Следовательно, когда славные воины проехали через Кассера в праздник Рождества Пресвятой Богородицы и не вернулись, мальчиков постигло жестокое разочарование. Подобно остальным жителям деревни, они предположили, что отец Августин решил заночевать в форте. («Мы думали, ну наконец-то ваш монах развлекается со своей зазнобой», — объяснил потом один крестьянин.) И утром они сами устремились навстречу своим героям, боясь пропустить их.

Во время нашей беседы с Гийомом, старшим из мальчиков, он очень живо описал то утро.

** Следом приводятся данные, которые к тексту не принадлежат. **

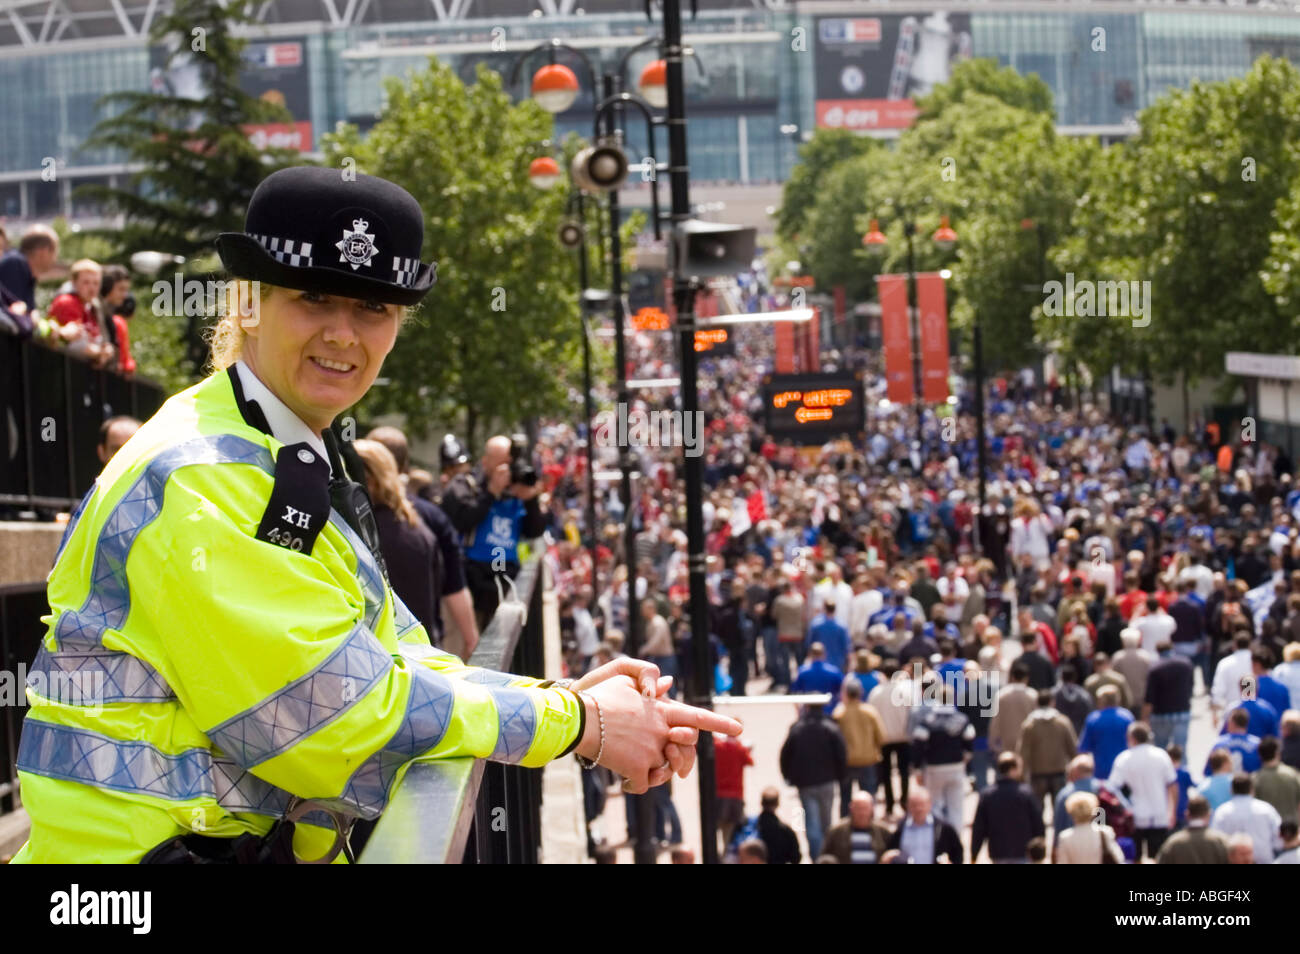 British police is watching over the football supporters They are going to the FA cup final in Wembley stadium Stock Photo

По словам Гийома, Гвидо побаивался идти в форт, потому что среди детей в деревне считалось, что там обитают «бесы». Истинный смысл этого замечания всегда ускользал от меня, поскольку взрослые жители деревни, казалось, дружески расположены к женщинам. Возможно, понятие «бесы» коренится в еретических верованиях семьи де Разье. Либо определенные проявления бесовской силы и впрямь имели там место. Так или иначе, по пути Гийому пришлось успокаивать друга, говоря, что никаких бесов в форте не осталось, потому что инквизитор Лазе их, конечно же прогнал.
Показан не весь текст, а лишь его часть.